The technical aspects of the lavage procedure are very important. Some of the controversy about interpreting lavage results can be traced to different centers having different results because of variations in the technique; thus, as in any test, the details are important. It became apparent that the difference in technique led to differences in results [4].

There have been attempts to obtain some standardization, mainly by way of expert consensus [1],[4],[5],[6],[7],[8]. The optimal technique used to instil and recover bronchoalveolar lavage fluid (BALF) is still a matter of debate [6]. The aim of this study was to standardize the method of retrieving BAL in our institution through comparing three methods of BAL retrieval regarding efficacy and safety.


This was a randomized, prospective comparative clinical study. It included 60 adult patients of both sexes, admitted in or referred to Alexandria Main University Hospital and for whom bronchoscopy was recommended as part of their diagnostic work-up. Patients were excluded from the study if they had any contraindication to bronchoscopy [9],[10],[11] or refused to give an informed consent.

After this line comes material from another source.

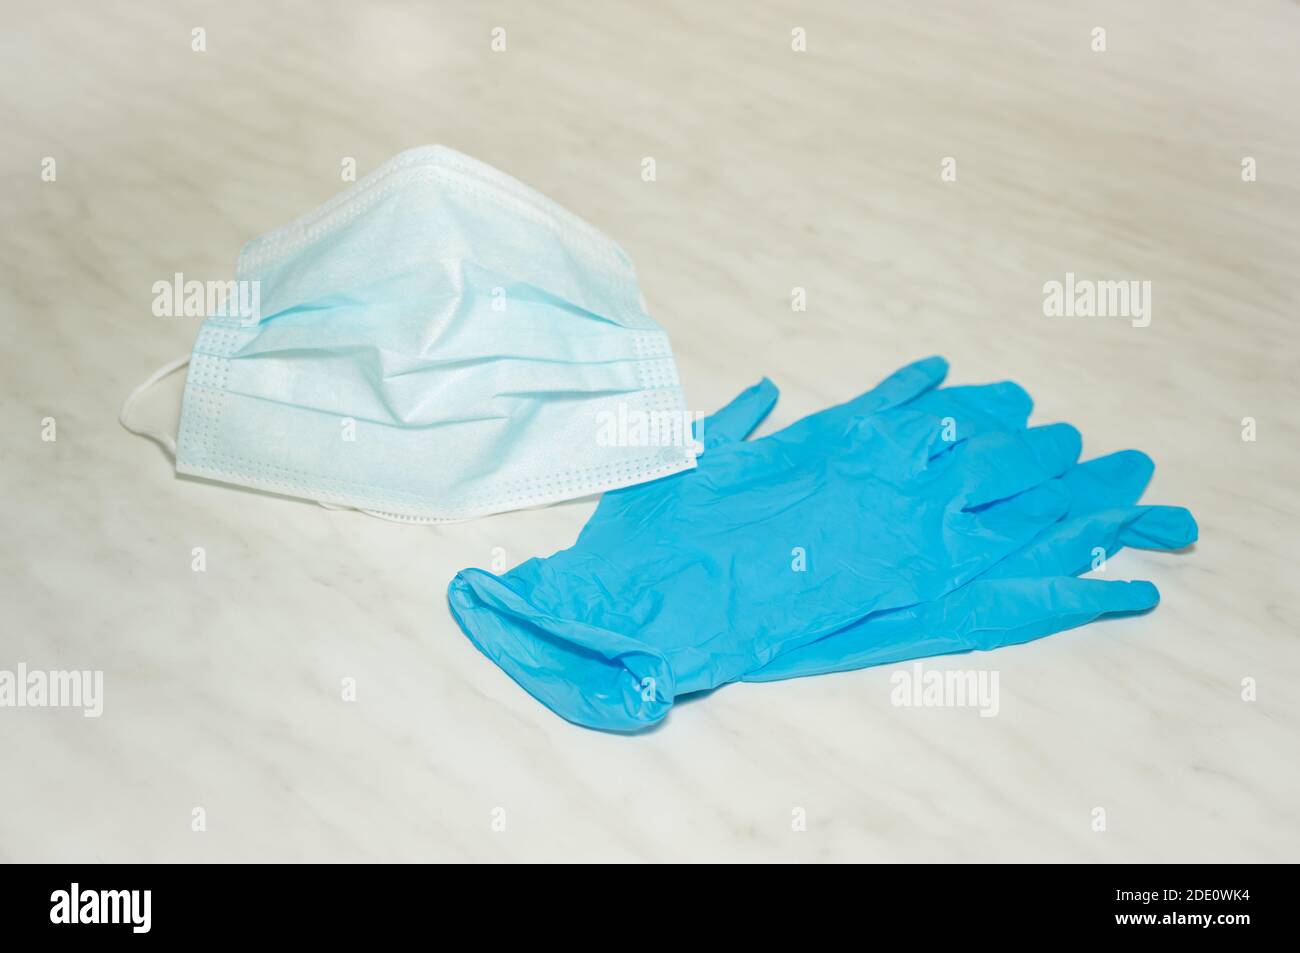 Personal protective equipment during the coronavirus pandemic - protective medical mask and gloves Stock Photo

All patients were randomly categorized into three groups (20 patients each) as follows:

Group I [direct syringe suction (DSS) group], for which BAL retrieval was carried out using direct hand suction into sterile syringe.

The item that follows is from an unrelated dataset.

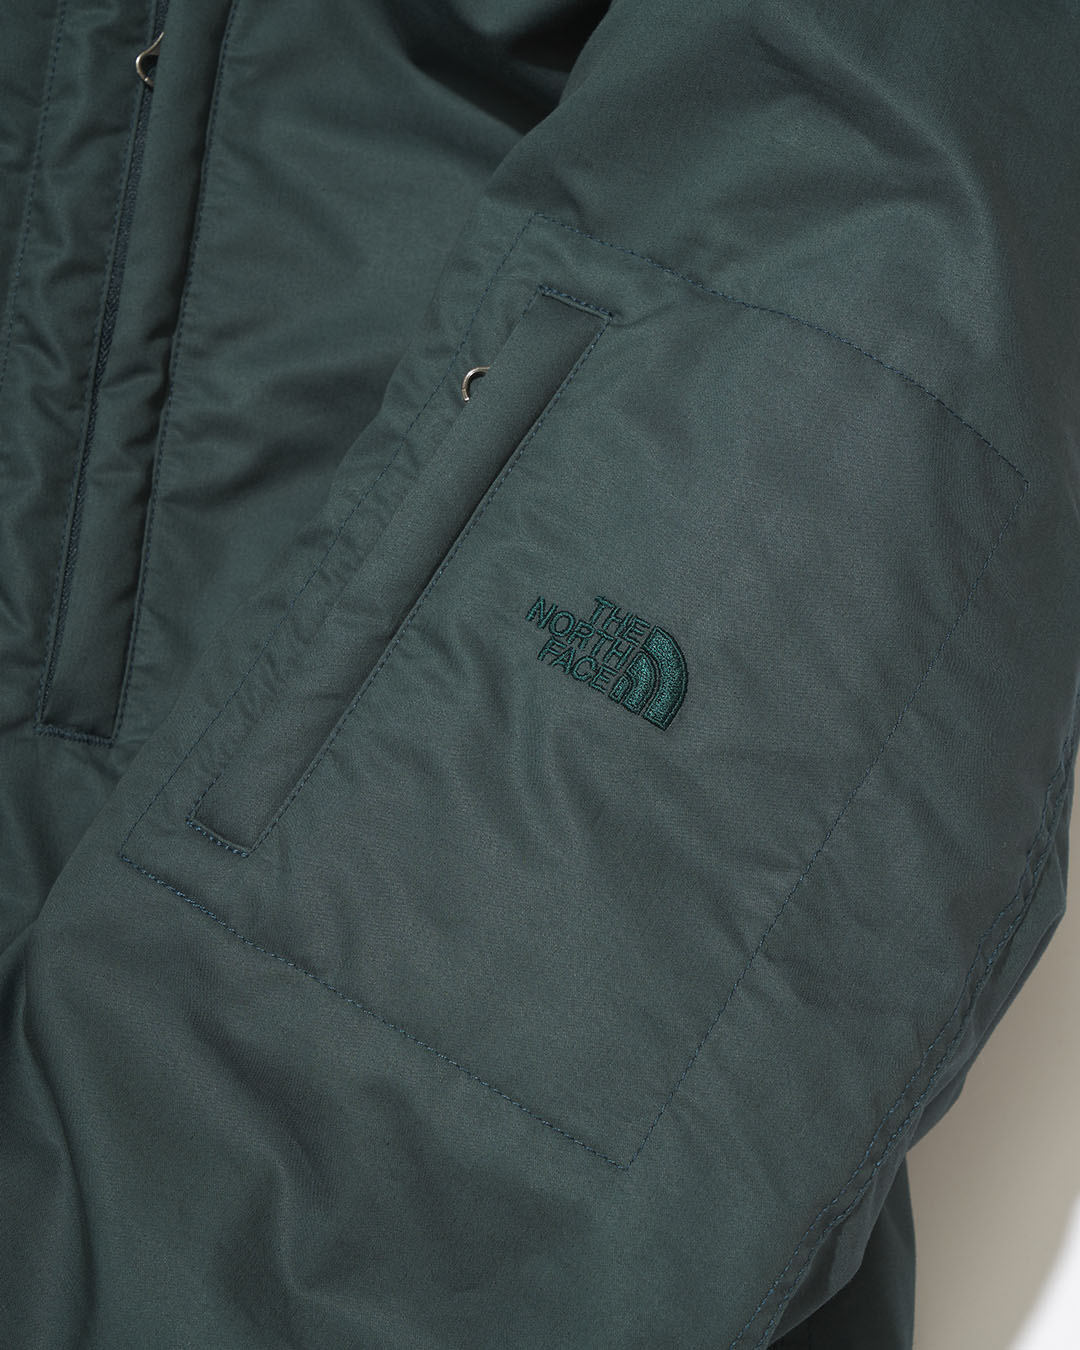 nanamica / THE NORTH FACE PURPLE LABEL / Featured Product vol

Group II [syringe suction with trap (SST) group], for which BAL retrieval was done using gentle syringe suction into a fluid trap.

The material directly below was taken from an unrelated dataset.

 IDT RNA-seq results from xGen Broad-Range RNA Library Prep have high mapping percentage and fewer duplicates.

Group III [aspirator suction with trap (AST) group], for which BAL retrieval was done using gentle suction by portable aspirator, collecting the lavage specimen in a collection trap.


The study was approved by the institutional ethics committee. Informed consent was taken from all patients as regards commitment to this research work, disadvantages and then benefits of the procedure, possible complications, and alternative options. All patients in the present study were subjected to history-taking, physical examination (pulse, blood pressure, respiratory rate, temperature, arterial oxygen saturation, local chest examination, and general examination), routine laboratory investigations, and radiological (plain chest radiography and CT chest) evaluation before the procedure. Two bronchoscopes [EB-1575 K videobronchoscope (5.2 mm in diameter; Pentax Medical, Montvale, New Jersey, USA) and FB-18 V fiber bronchoscope (5.9 mm in diameter; Pentax medical)], with different diameters of working channel (2.0 and 2.8 mm, respectively), were randomly used.

Patients’ preparation

All patients received nothing by mouth 6 h before bronchoscopy. The procedure was explained to the patient before the bronchoscopy. Intravenous access was established.

Premedication with sedatives [propofol (3 mg/kg)] as indicated by the patients’ condition, was done before and/or during the procedure.Local lidocaine 10% was sprayed transnasally and transorally before the procedure. Topical anesthesia at the larynx was completed using lidocaine 2%; usually a total of 4–6 ml is used. Additional 2 ml aliquots of 2% lidocaine was instilled at the carina, at the division of the right lower lobe and right middle lobe entrance.BAL was carried out before any other bronchoscopic interventions or to decrease the risk of contamination or bleeding. The site in which BAL was carried out was determined according to the patient’s CT chest. The method of suction was randomly chosen using the sealed-envelope method. These three methods are shown in [Figure 1],[Figure 2],[Figure 3].{Figure 1}{Figure 2}{Figure 3}

The procedure for lavage

The bronchoscope was positioned into a subsegmental bronchus. Good positioning was indicated through the wink test [12] by a bronchoscope that could be fully maintained in position by the bronchoscopist and an airway that did not fully close immediately on gentle suction.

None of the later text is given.